VISITOR	--request membership-->	PENDING/VISITOR-->	approved-->	MEMBER
VISITOR	--request membership-->	PENDING/VISITOR-->	denied
																							|
																	-->REJECTED/VISITOR	--acknowledges-->	VISITOR

Inviting Users

As an owner of a community, one can send invitation to users to join the community. An invited user can see the invitation when the user logs into portal. The user then has an option to either accept or decline the invitation.

VISITOR-->		invited-->	INVITED/VISITOR-->	accepts-->	MEMBER
VISITOR-->		invited-->	INVITED/VISITOR-->	declines-->	VISITOR

When the system is set up properly, an invitation message is sent to the invited users through email. In order to receive an invitation through email, the user must have email address properly configured in their portal.

Banning Users

Banning is a process by which the owner can prohibit certain users from accessing the community. Both members and non-members, as well as owners, can be banned from the community and in the case of a restricted membership community, a banned user cannot even submit a request to join the community.

A banned user can be unbanned by the owner and the user's prior privileges are reinstated. If the user was a member before getting banned, the user becomes a member after getting unbanned. Likewise, when an owner gets banned from a community and is then unbanned, the owner becomes the owner of the community again.

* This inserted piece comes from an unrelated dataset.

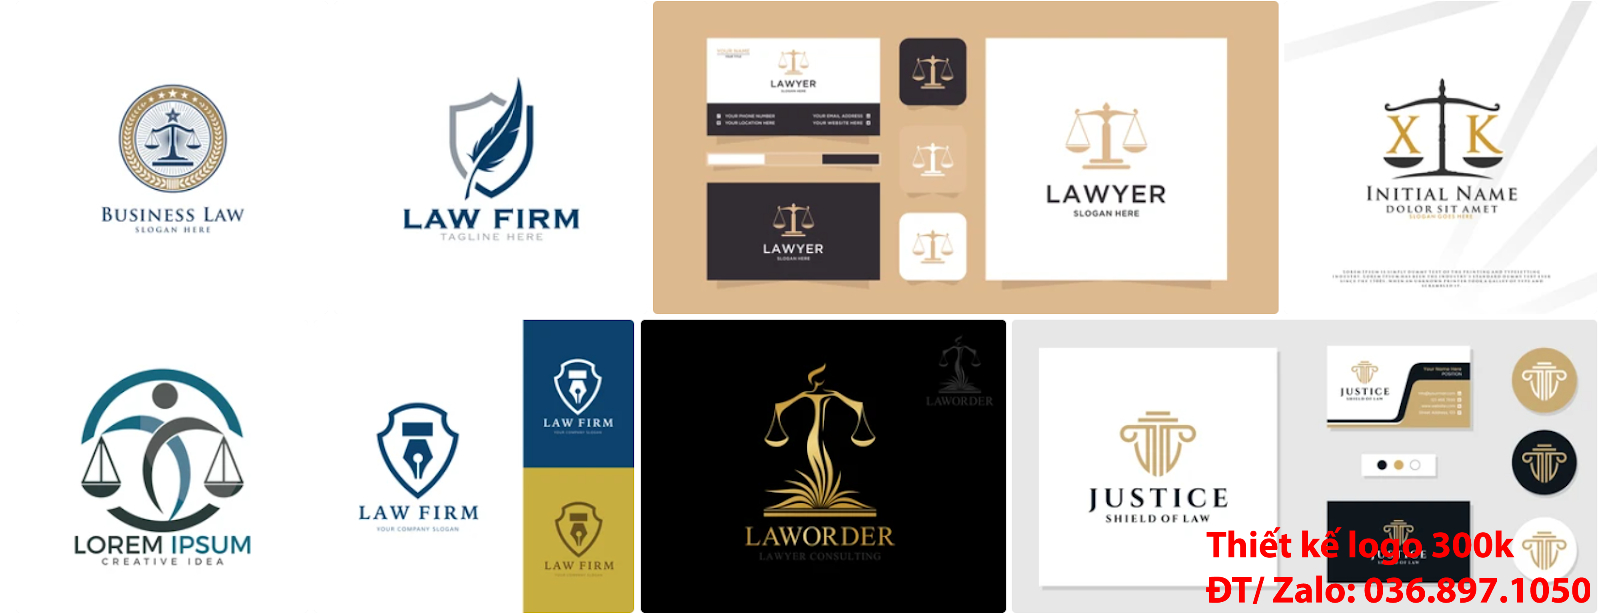 Dịch vụ cung cấp các Mẫu Thiết Kế Logo công ty luật sư đẹp giá rẻ chuyên nghiệp 500k

MEMBER-->				banned-->	BANNED/VISITOR-->		unbanned-->	MEMBER
OWNER/MEMBER-->		banned-->	BANNED/VISITOR-->		unbanned-->	OWNER/MEMBER

Managing a community status

This section contains the following:

Enabling and Disabling a Community

A portal administrator, using either Portal Server management console or psadmin CLI, can disable a community. Likewise, only the portal administrator can enable a disabled community. Access to a disabled community is blocked to everyone including members and owners. An attempt to search for any content posted on a disabled community would yield no result. By default, a newly created community is enabled.

Use disabled.xml template to show how a disabled community would be presented to users. See Understanding Community Templatesto understand the display profiles for a community template.

Deleting and Restoring a community

A community owner or a system administrator can delete a community. When a community is deleted, the community itself and the data pertaining to the community are not accessible. However, in the back-end storage, the data still remains and thus the community can be restored on demand. The task of restoring a deleted community is done by the portal administrator. This undo functionality is made available to reverse a malicious or accidental deletion of a community. Since the deletion is not permanent, a new community by the same name can not be created. A permanent and persistent removal of a community is currently not supported. But we can use psadmin subcommand destroy-community to remove the community permanently.

Use deleted.xml template to show how a deleted community would be presented to users. See Understanding Community Templates to understand the display profiles for a community template.

Managing Categories

The category tree used in creating communities as well as browsing communities is provided by the taxonomy of the search server. To manage them, please see Managing Categories.